This patch adds CLANG_BOLT_INSTRUMENT option that applies BOLT instrumentation
to Clang, performs a bootstrap build with the resulting Clang, merges resulting
fdata files into a single profile file, and uses it to perform BOLT optimization
on the original Clang binary.
The projects and targets used for bootstrap/profile collection are configurable via
CLANG_BOLT_INSTRUMENT_PROJECTS and CLANG_BOLT_INSTRUMENT_TARGETS.
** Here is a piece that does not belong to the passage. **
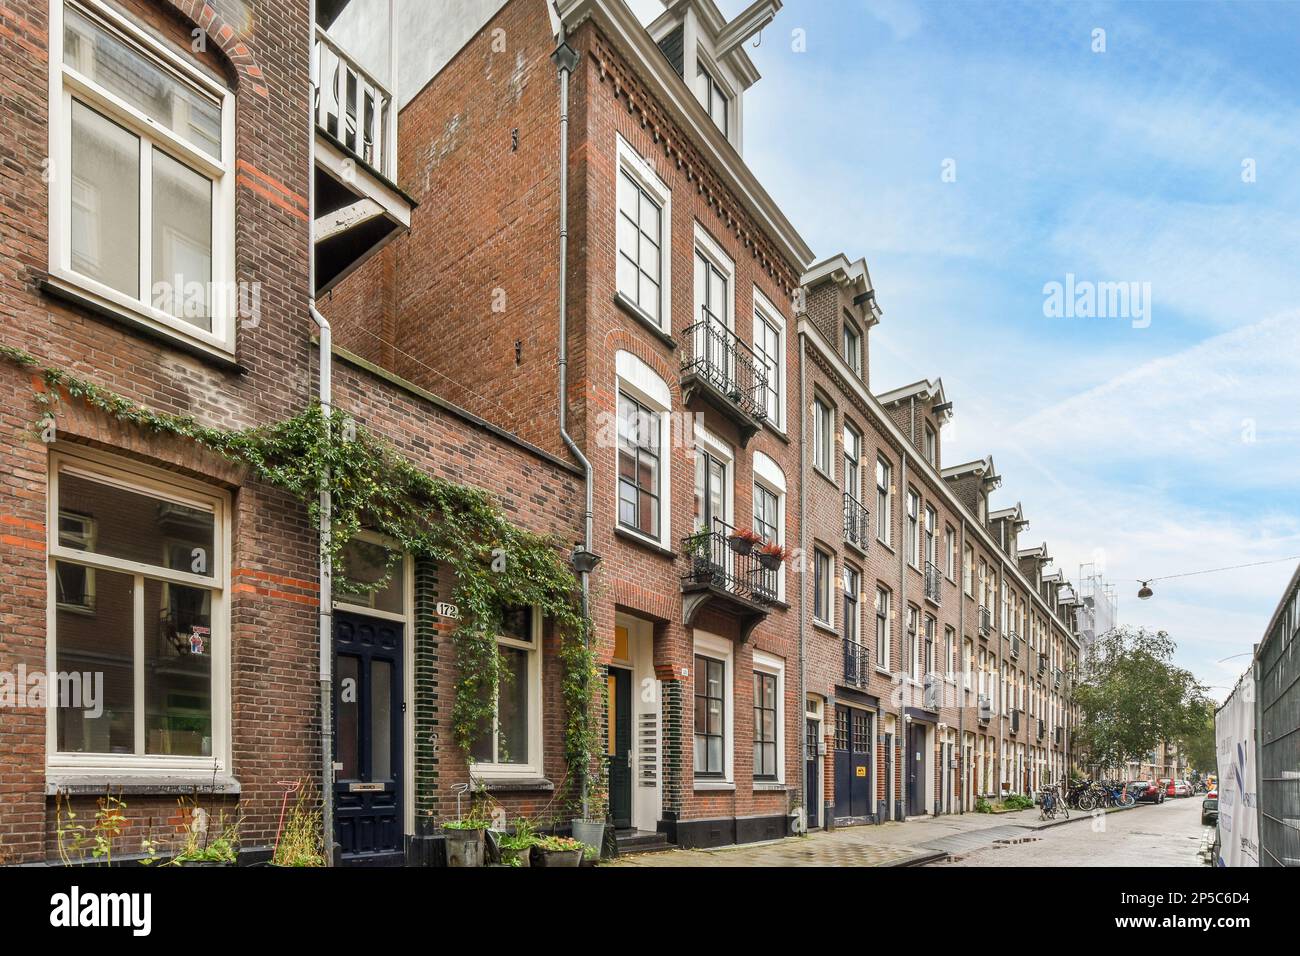 Amsterdam, pays-Bas - 10 avril 2021 : rue de la ville avec des bâtiments en briques des deux côtés et des plantes vertes qui poussent dans les allées le long de la rue Banque D'Images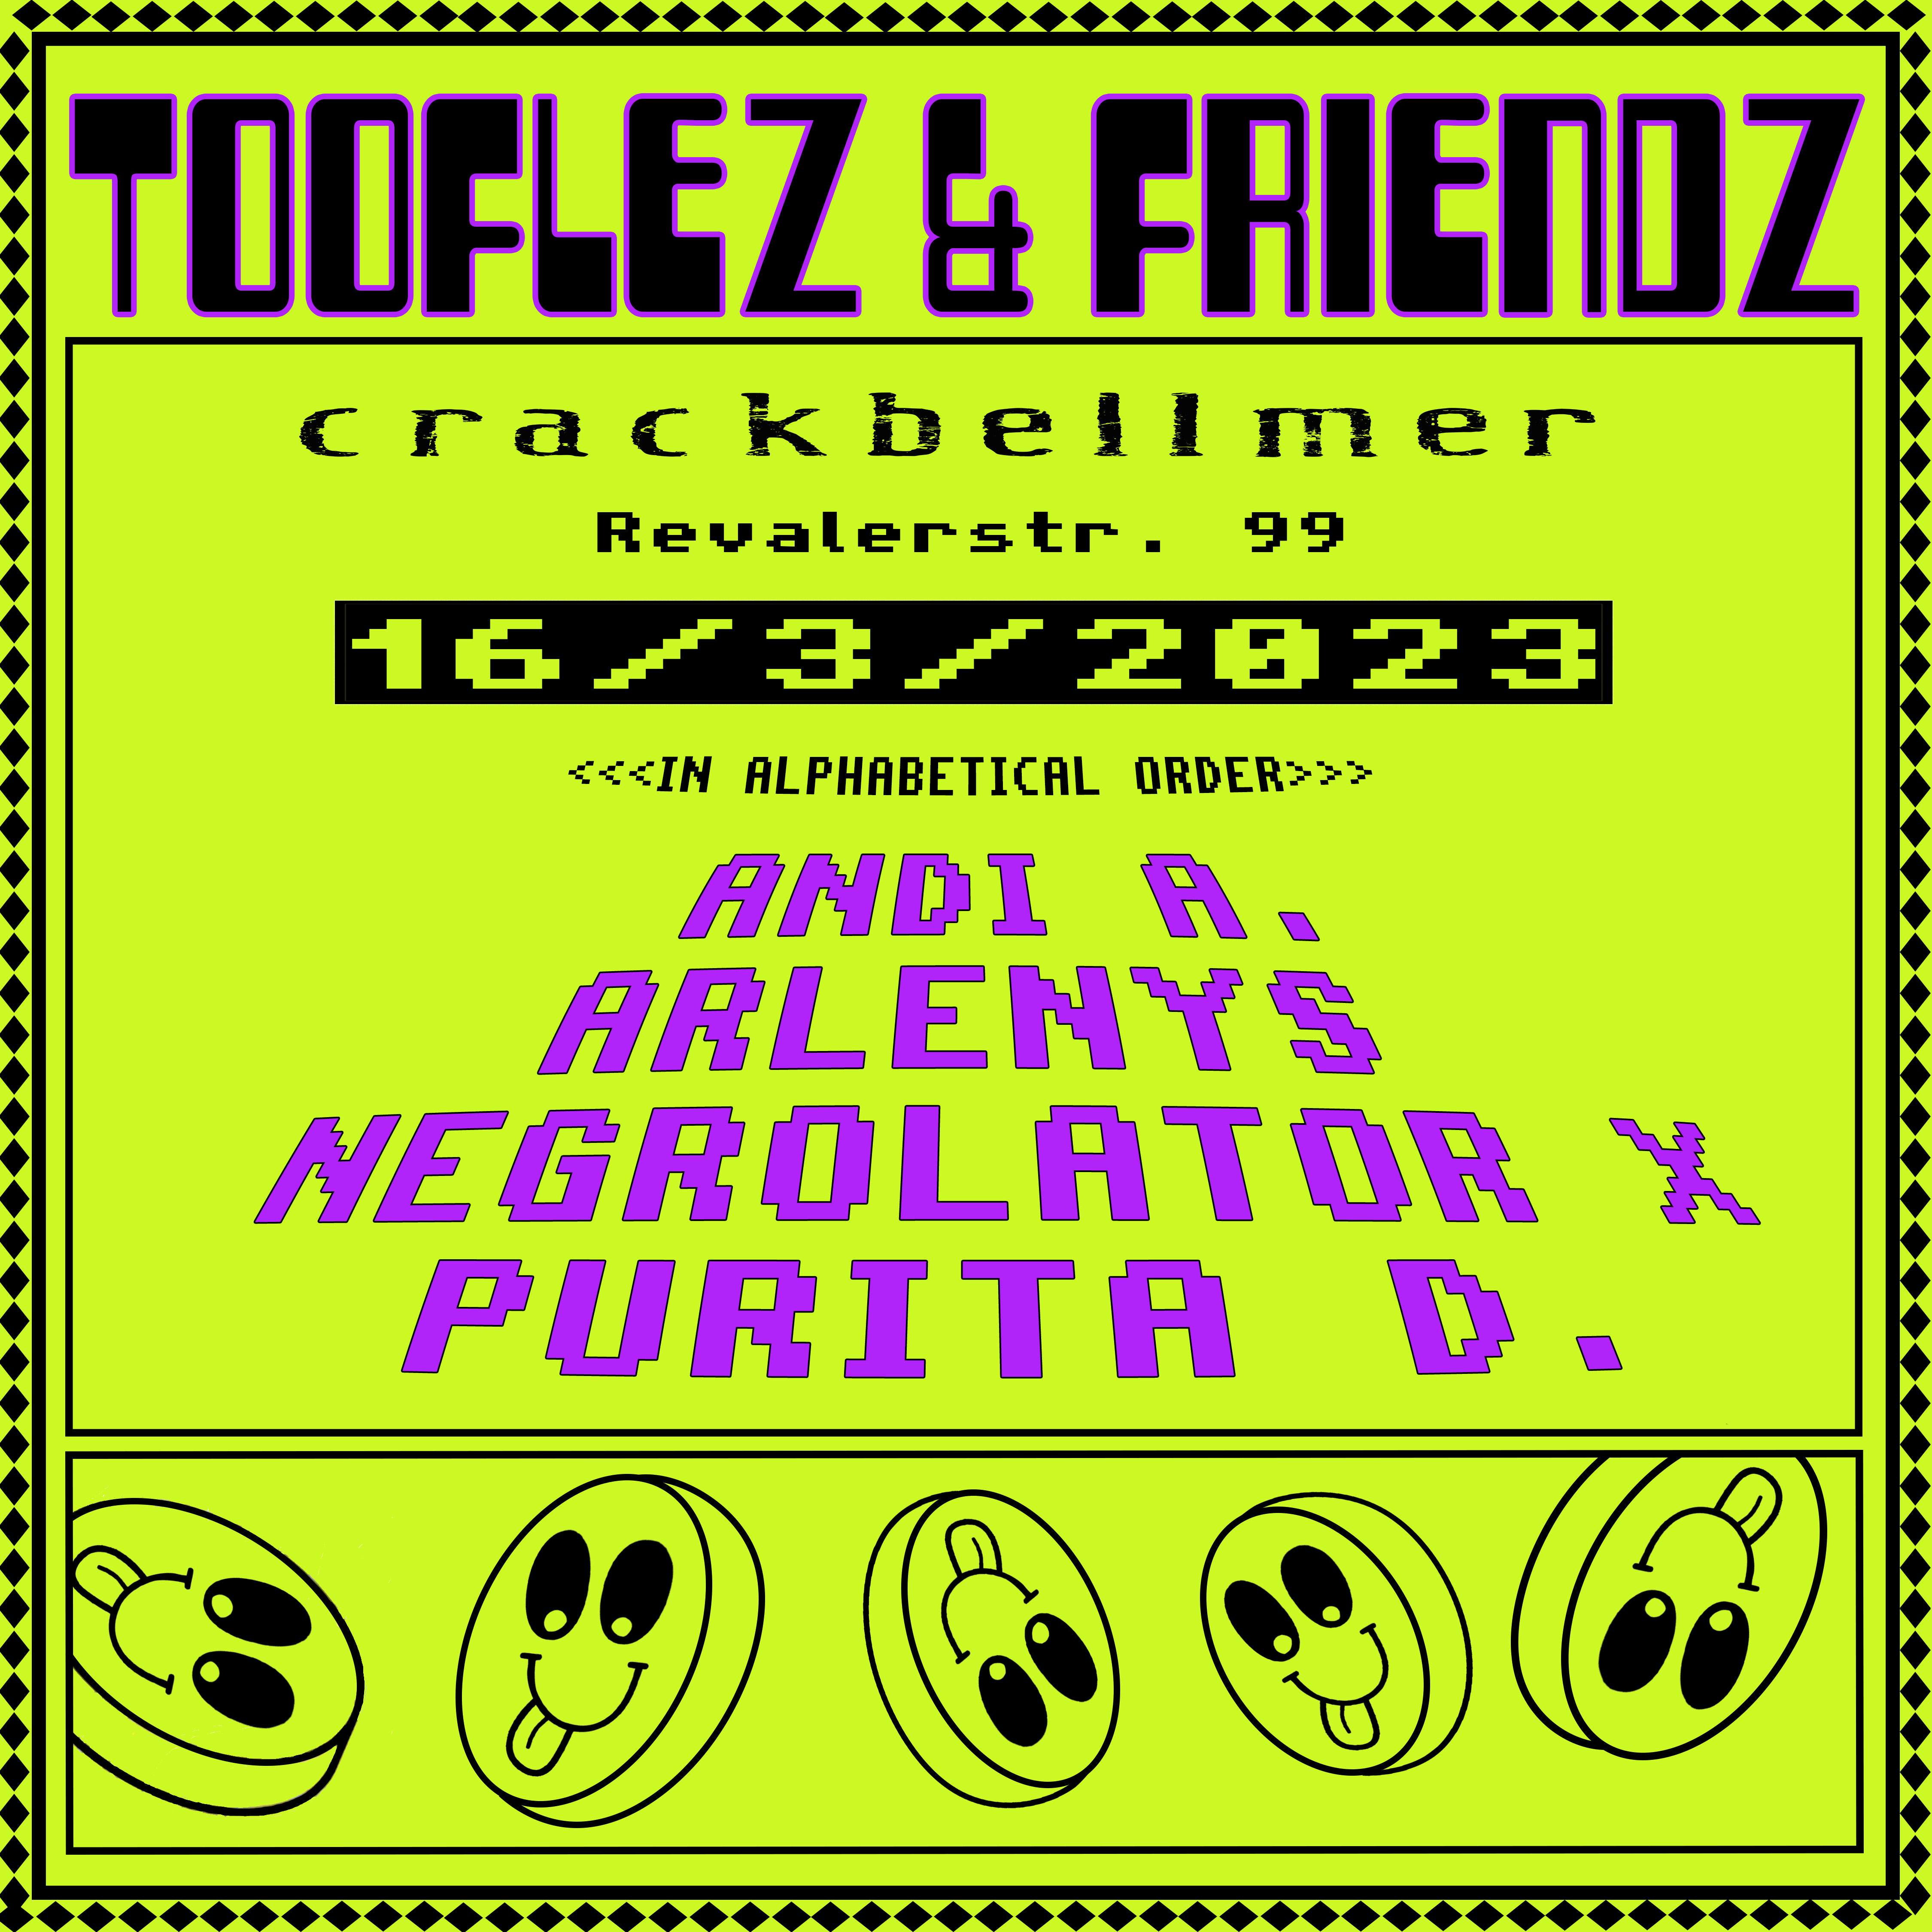 Tooflez & Friendz w/ Arlenys, ANDI A., Negrolator x, Purita D - Página frontal

The defaults are "llvm" and "count" respectively, which results in a profile with
~5.3B dynamically executed instructions.
The intended use of the functionality is through BOLT CMake cache file, similar
to PGO 2-stage build:
cmake <llvm-project>/llvm -C <llvm-project>/clang/cmake/caches/BOLT.cmake ninja clang++-bolt # pulls clang-bolt
Stats with a recent checkout (clang-16), pre-built BOLT and Clang, 72vCPU/224G
CMake configure with host Clang + BOLT.cmake | 1m6.592s |
Instrumenting Clang with BOLT | 2m50.508s |
CMake configure llvm with instrumented Clang | 5m46.364s (~5x slowdown) |
CMake build not with instrumented Clang | 0m6.456s |
Merging fdata files | 0m9.439s |
Optimizing Clang with BOLT | 0m39.201s |
Building Clang:
cmake ../llvm-project/llvm -DCMAKE_C_COMPILER=... -DCMAKE_CXX_COMPILER=... -DCMAKE_BUILD_TYPE=Release -DLLVM_ENABLE_PROJECTS=clang -DLLVM_TARGETS_TO_BUILD=Native -GNinja
Release | BOLT-optimized | |
cmake | 0m24.016s | 0m22.333s |
ninja clang | 5m55.692s | 4m35.122s |
I know it's not rigorous, but shows a ballpark figure.
We could consider moving this block to a separate file which would then be included here since this file is already getting pretty large and the logic in this block is self-contained. That could be done in a follow up change though.